Look at the following rule:
rule Enfal_Malware_Backdoor { meta: description = "Generic Rule to detect the Enfal Malware" author = "Florian Roth" date = "2015/02/10" super_rule = 1 hash0 = "6d484daba3927fc0744b1bbd7981a56ebef95790" hash1 = "d4071272cc1bf944e3867db299b3f5dce126f82b" hash2 = "6c7c8b804cc76e2c208c6e3b6453cb134d01fa41" score = 60 strings: $x1 = "Micorsoft Corportation" fullword wide $x2 = "IM Monnitor Service" fullword wide $a1 = "imemonsvc.dll" fullword wide $a2 = "iphlpsvc.tmp" fullword $a3 = "{53A4988C-F91F-4054-9076-220AC5EC03F3}" fullword $s1 = "urlmon" fullword $s2 = "Registered trademarks and service marks are the property of their" wide $s3 = "XpsUnregisterServer" fullword $s4 = "XpsRegisterServer" fullword condition: uint16(0) == 0x5A4D and ( ( 1 of ($x*) ) or ( 2 of ($a*) and all of ($s*) ) ) }
What I do when I review the 20 strings that are generated by yarGen is that I try to categorize the extracted strings in 3 different groups:
- Very specific strings (one of them is sufficient for successful detection, e.g. IP addresses, payload URLs, PDB paths, user profile directories)
- Specific strings (strings that look good but may appear in goodware as well, e.g. “wwwlib.dll”)
- Other strings (even strings that appear in goodware; without random code from compressed or encrypted data; e.g. “ModuleStart”)
Then I create a condition that defines:
- A Certain Magic Header (remove it in case of ASCII text like scripts or webshells)

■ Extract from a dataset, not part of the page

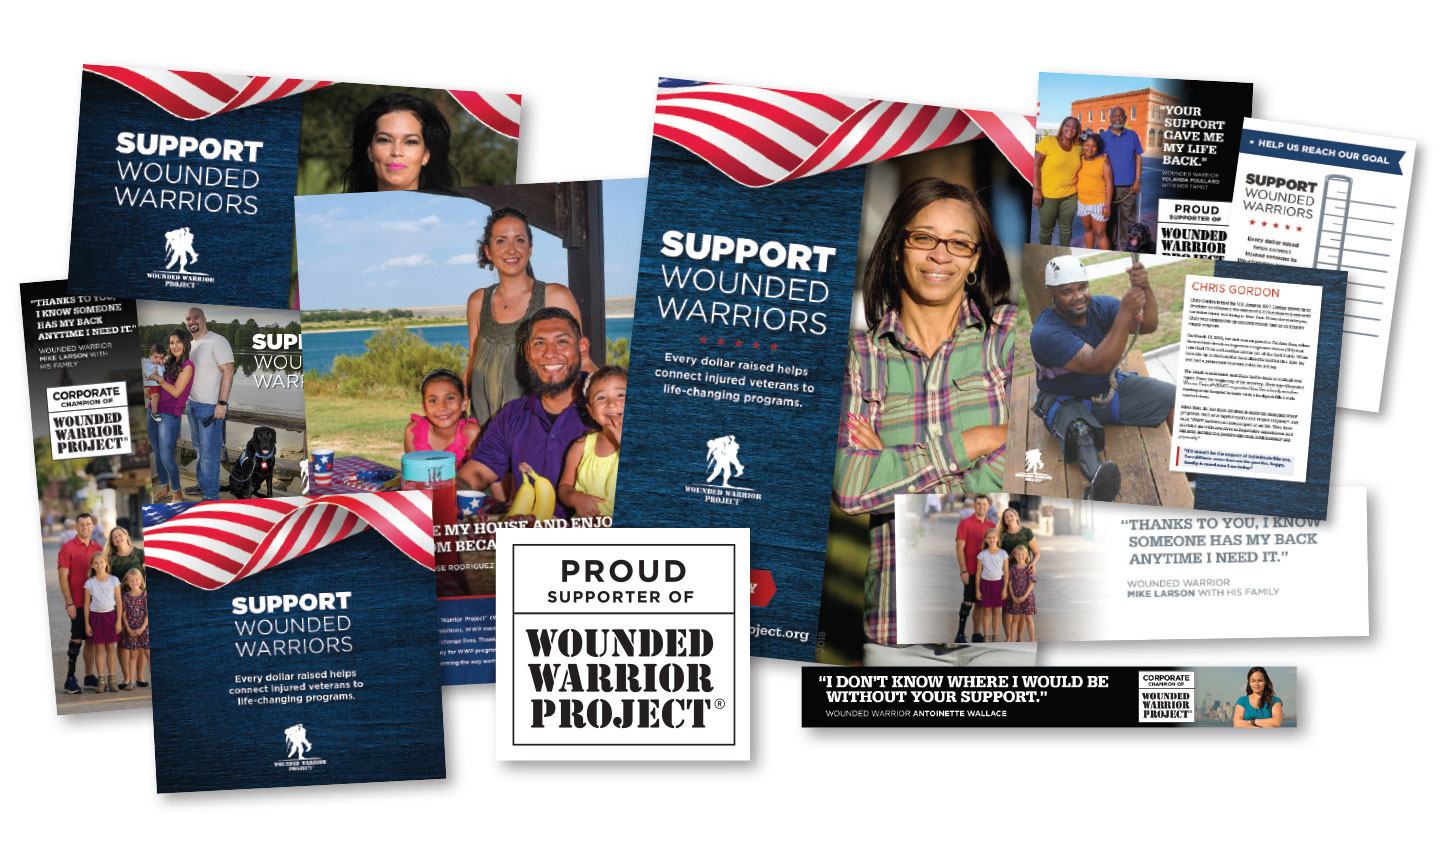 Corporate Supporter marketing assets and collateral collage

- 1 of the very specific strings OR
- some of the specific strings combined with many (but not all) of the common strings
Here is another example that does only have very specific strings (x) and common strings (s):
rule Cobra_Trojan_Stage1 { meta: description = "Cobra Trojan - Stage 1" author = "Florian Roth" reference = "https://blog.gdatasoftware.com/blog/article/analysis-of-project-cobra.html" date = "2015/02/18" hash = "a28164de29e51f154be12d163ce5818fceb69233" strings: $x1 = "KmSvc.DLL" fullword wide $x2 = "SVCHostServiceDll_W2K3.dll" fullword ascii $s1 = "Microsoft Corporation. All rights reserved." fullword wide $s2 = "srservice" fullword wide $s3 = "Key Management Service" fullword wide $s4 = "msimghlp.dll" fullword wide $s5 = "_ServiceCtrlHandler@16" fullword ascii $s6 = "ModuleStart" fullword ascii $s7 = "ModuleStop" fullword ascii $s8 = "5.2.3790.3959 (srv03.sp2.070216-1710)" fullword wide condition: uint16(0) == 0x5A4D and filesize < 50000 and 1 of ($x*) and 6 of ($s*) }
If you can’t create a rule that is sufficiently specific, I recommend the following methods to restrict the rule:
- Magic Header (use it as first element in condition – see performance guidelines, e.g. “uint16(0) == 0x5A4D”)

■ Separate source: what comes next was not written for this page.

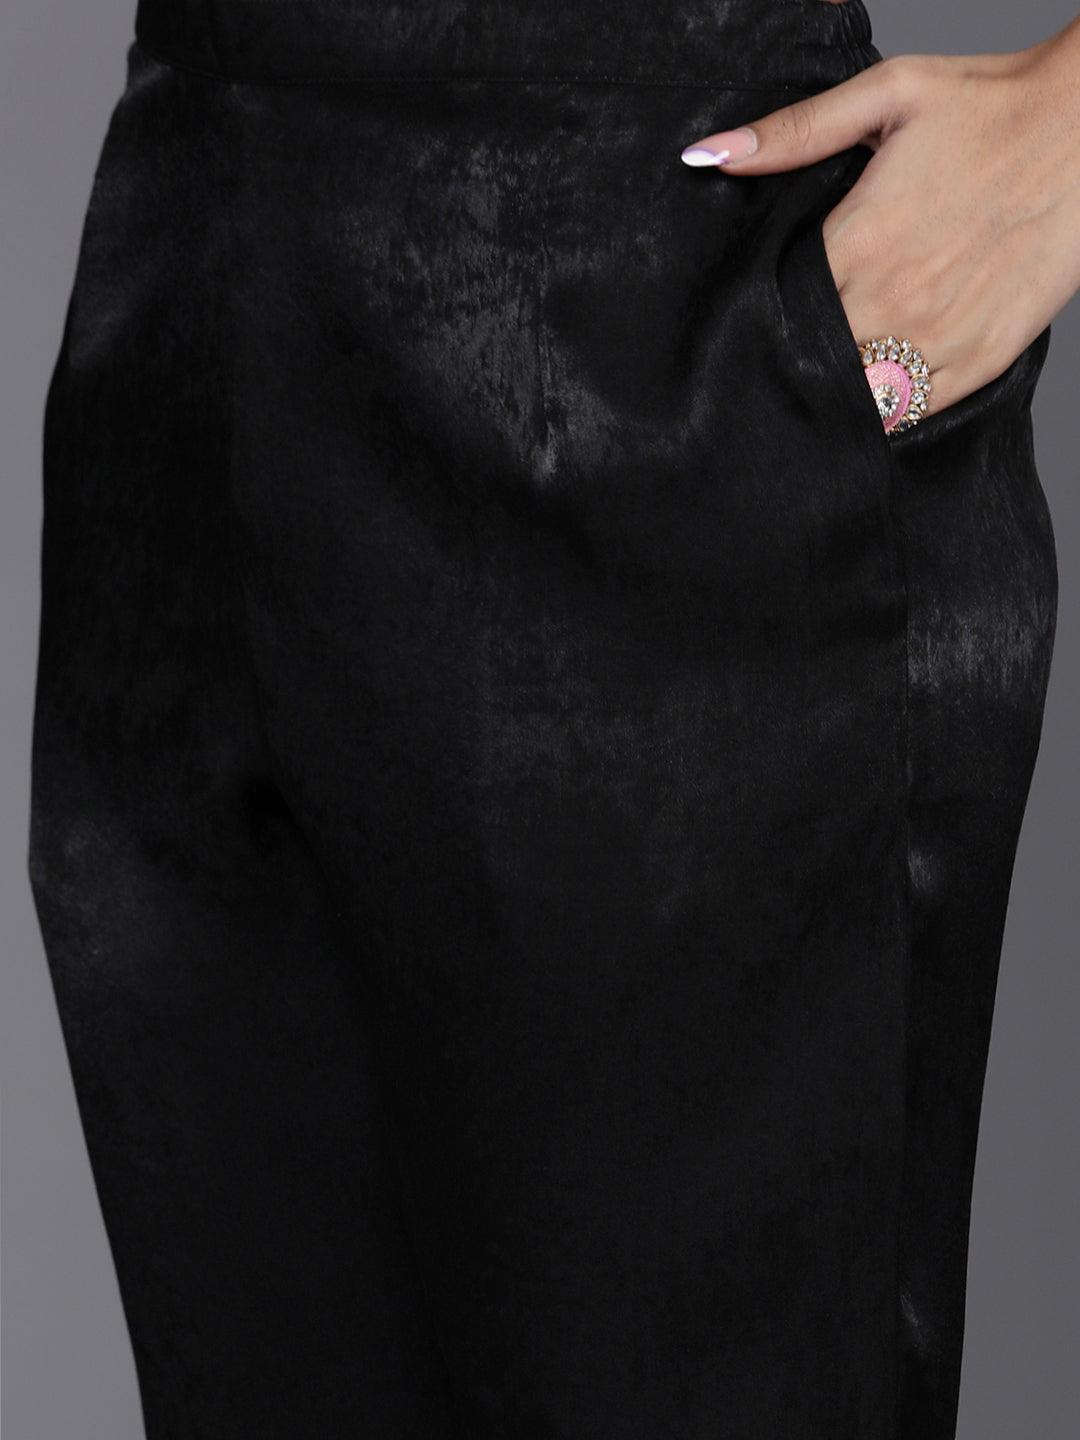 Black Embroidered Polyester Straight Kurta With Trousers - Libas

- File Size (malware that mimics valid system files, drivers or legitimate software often differs significantly in size; try to find the valid files online and set a size value in your rule, e.g. “filesize > 200KB and filesize < 600KB”)
- String Location (see the “Location is Everything” section)
- Exclude strings that occur in false positives (e.g. $fp1 = “McAfeeSig”)
Location is Everything
One of the most underestimated features of Yara is the possibility to define a range in which strings occur in order to match. I used this technique to create a rule that detect metasploit meterpreter payloads quite reliably even if it’s encoded/cloaked. How that?
If you see malware code that is hidden in an overlay at the end of a valid executable (e.g. “ab.exe”) and you see only strings that are typical function exports or mimics a well-known executable ask the following questions:
- Is it normal that these strings are located at this location in the file?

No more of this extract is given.